Mixing `#include` and `import`

If within a module there is the need to #include other files it can be done by declaring module as the first statement in the file then including files as needed before the module declaration (module <name>).

I.e.:

module;
#include <sys/unistd.h>
...
export module Syslog;
...

Submodules, dependent modules, partitions

It is possible to hierarchically create trees of dependent modules, called “partitions” using the : operator.

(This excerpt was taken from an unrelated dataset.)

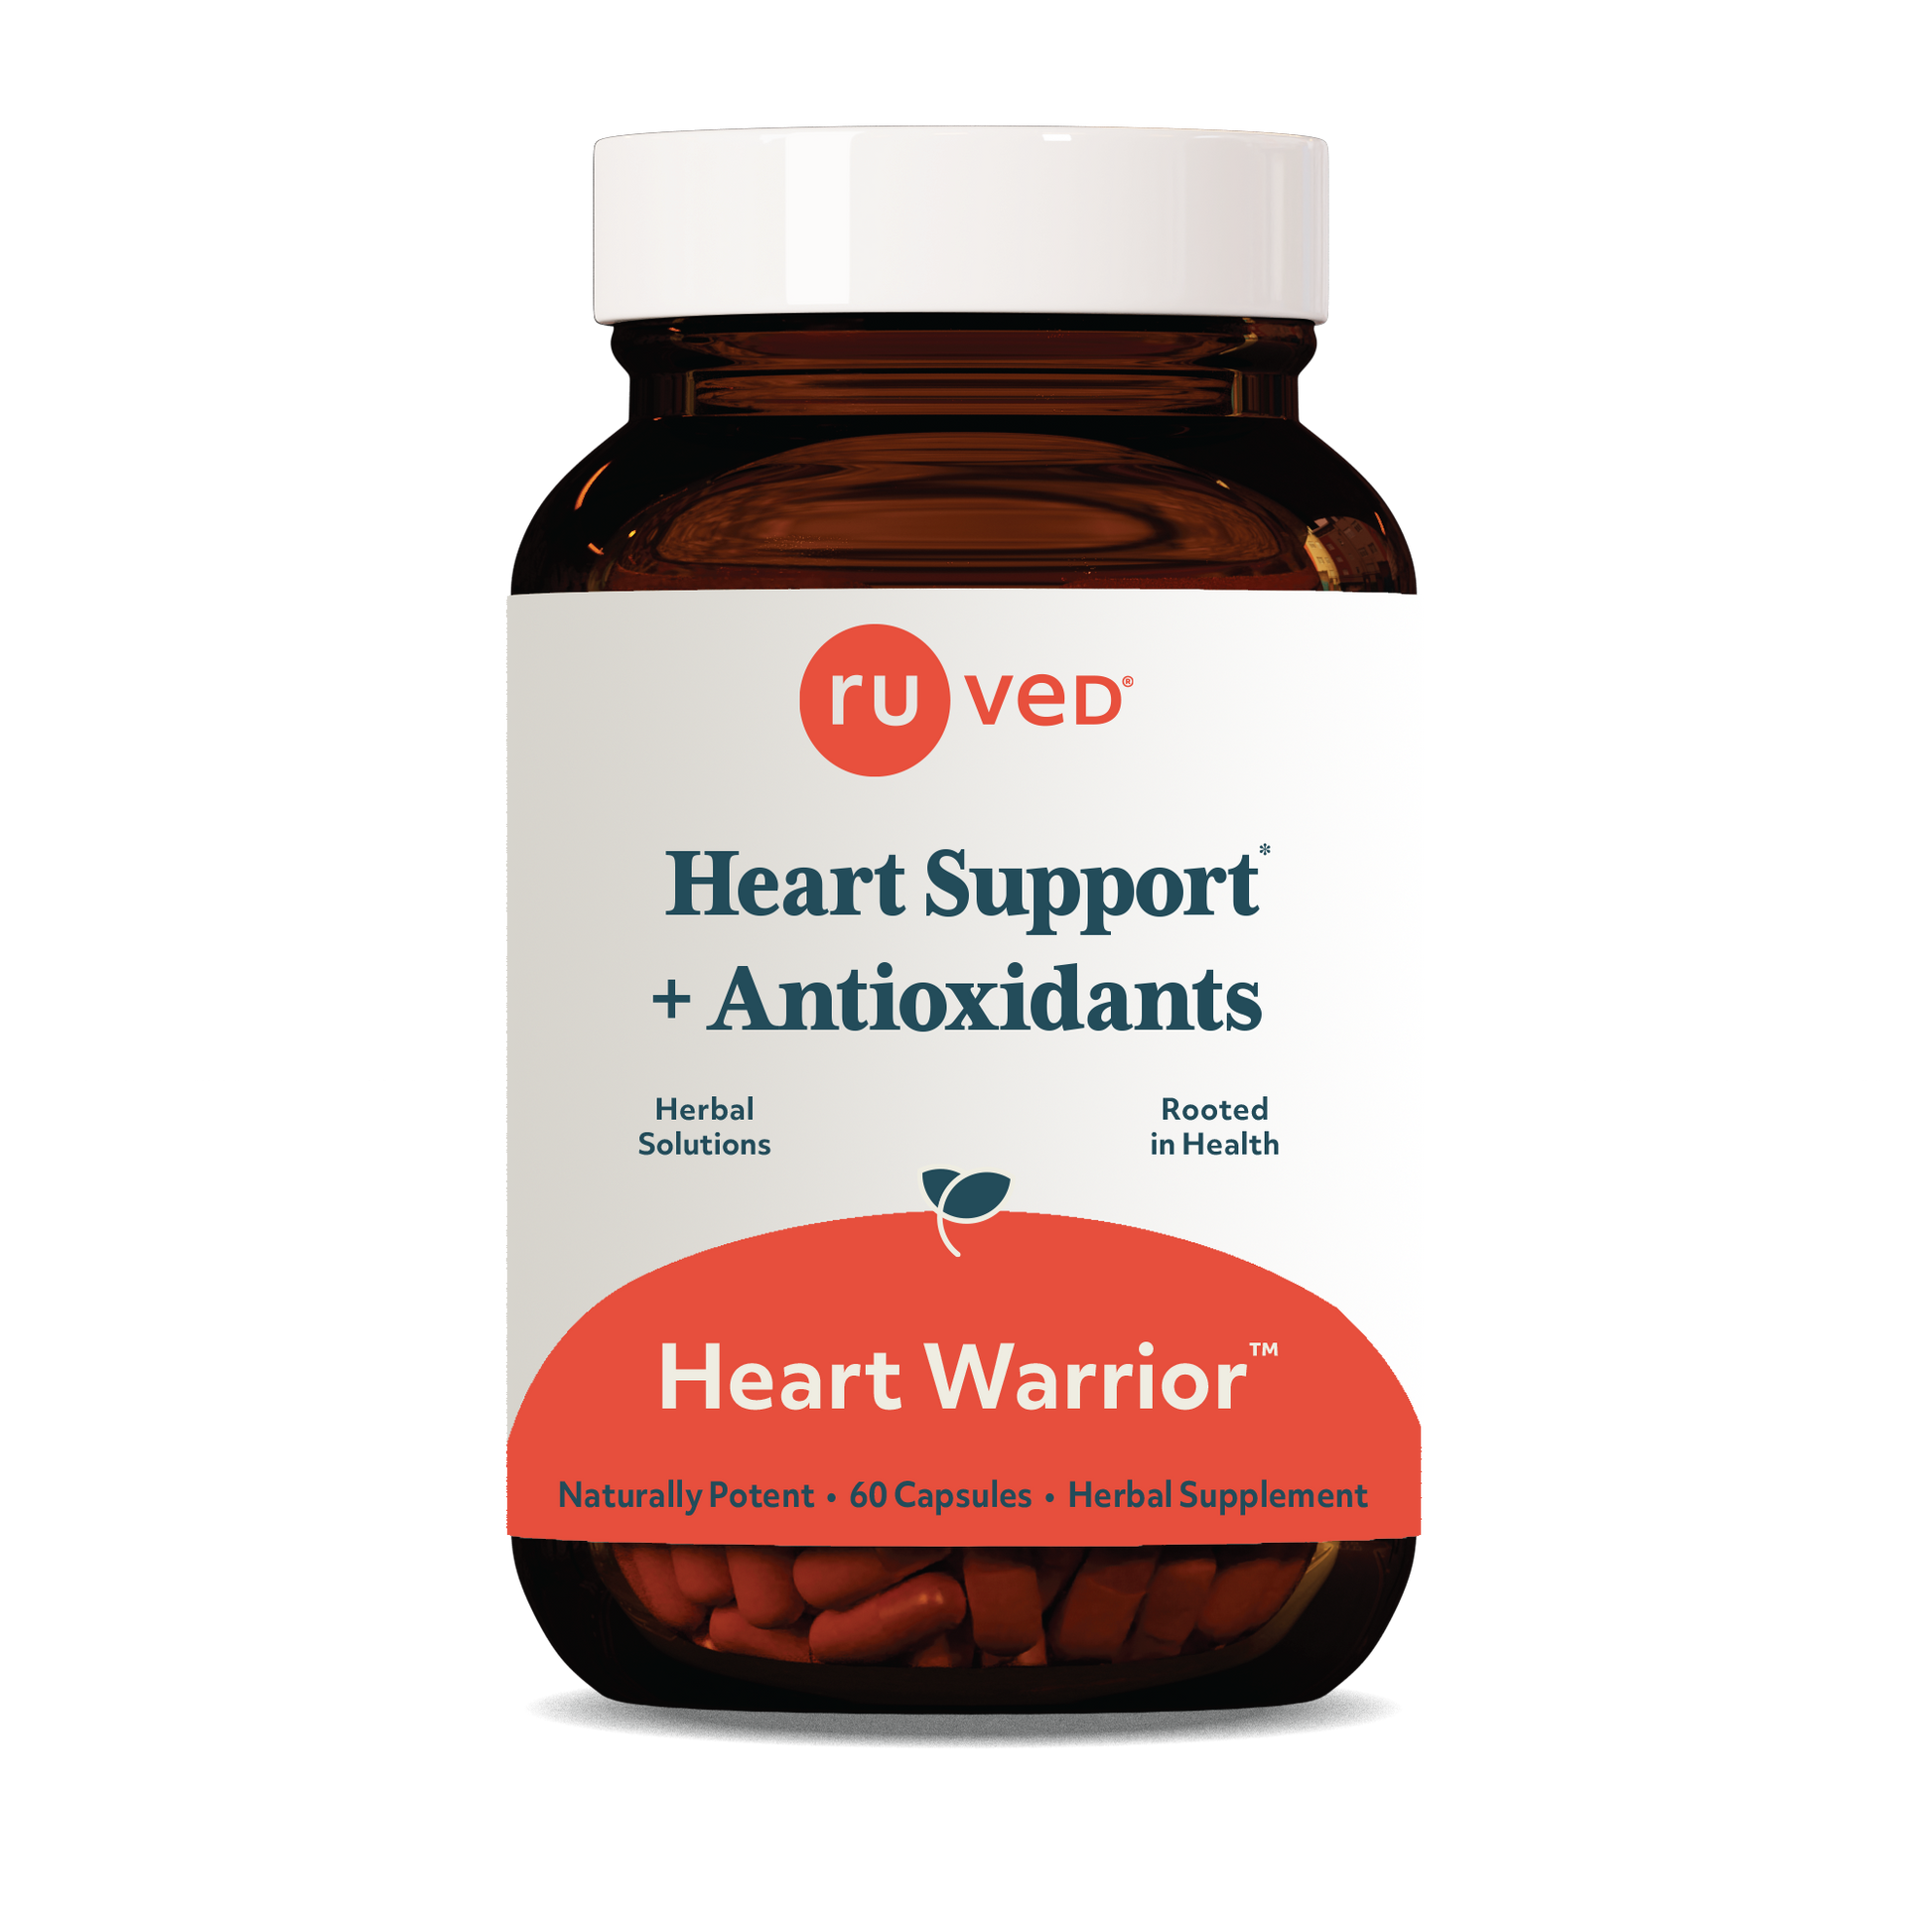 heart warrior Full Spectrum Heart Support, Promotes Healthy Circulation and Exercise Performance by ruved herbal supplements and ayush herbs

As an example I am going to create the following hierarchy:

top_module (public interface)
- top_module/child_1_module (public function through parent)
- top_module/child_2_module (private function)

Implementation

Import module from main translation unit:

import top_module;
import <iostream>;

int main(int argc, const char** argv) {
    std::cout <<  std::endl;
    std::cout << "Main> Calling top_module from Main..." << std::endl;
    top_module::Print();
    std::cout << "Main> Calling child 1 module from Main..." << std::endl;
    top_module::child_1_module::Print();
    std::cout <<  std::endl;
    return 0;
}

Create top-level module (public interface):

export module top_module;
import<iostream>;
export import : top_module.child_1_module;
import : top_module.child_2_module;

export namespace top_module {
void Print() {
    std::cout << "Top> Hello from top module" << std::endl;
    std::cout << "Top> calling child_2_module..." << std::endl;
    child_2_module::Print();
}
}  // namespace top_module

Create a child module with a public function:

export module top_module : top_module.child_1_module;
import<iostream>;

export namespace top_module::child_1_module {
void Print() { std::cout << "Top.Child 1> Hello from top.child_1 module" << std::endl; }
}  // namespace top_module::child_1_module

Create a child module with a function only exposed to its parent:

module top_module : top_module.child_2_module;
import<iostream>;

namespace top_module::child_2_module {
void Print() {
    std::cout << "Top.Child 2> Hello from hidden top.child_2 module" << std::endl;
}
}  // namespace top_module::child_2_module

Coding conventions

I am not aware of any specific accepted coding convention related to modules.

As you can see from the above code, because the character . is a valid character for module names, I did encode dependency/hierarchy information in both the module name and the namespace, however, there is no requirement to map module names to files or namespaces and the dot character in module names has no semantic implications.

Tooling

As mentioned in other parts of this article the compiler interface varies greatly across compilers, requiring a significant effort to create portable compilation scripts. CMake seems to have some support for modules when building with ninja, but not a full abstraction, requiring explicit per-compiler configuration through command line parameters. For reference: Stackoverflow discussion.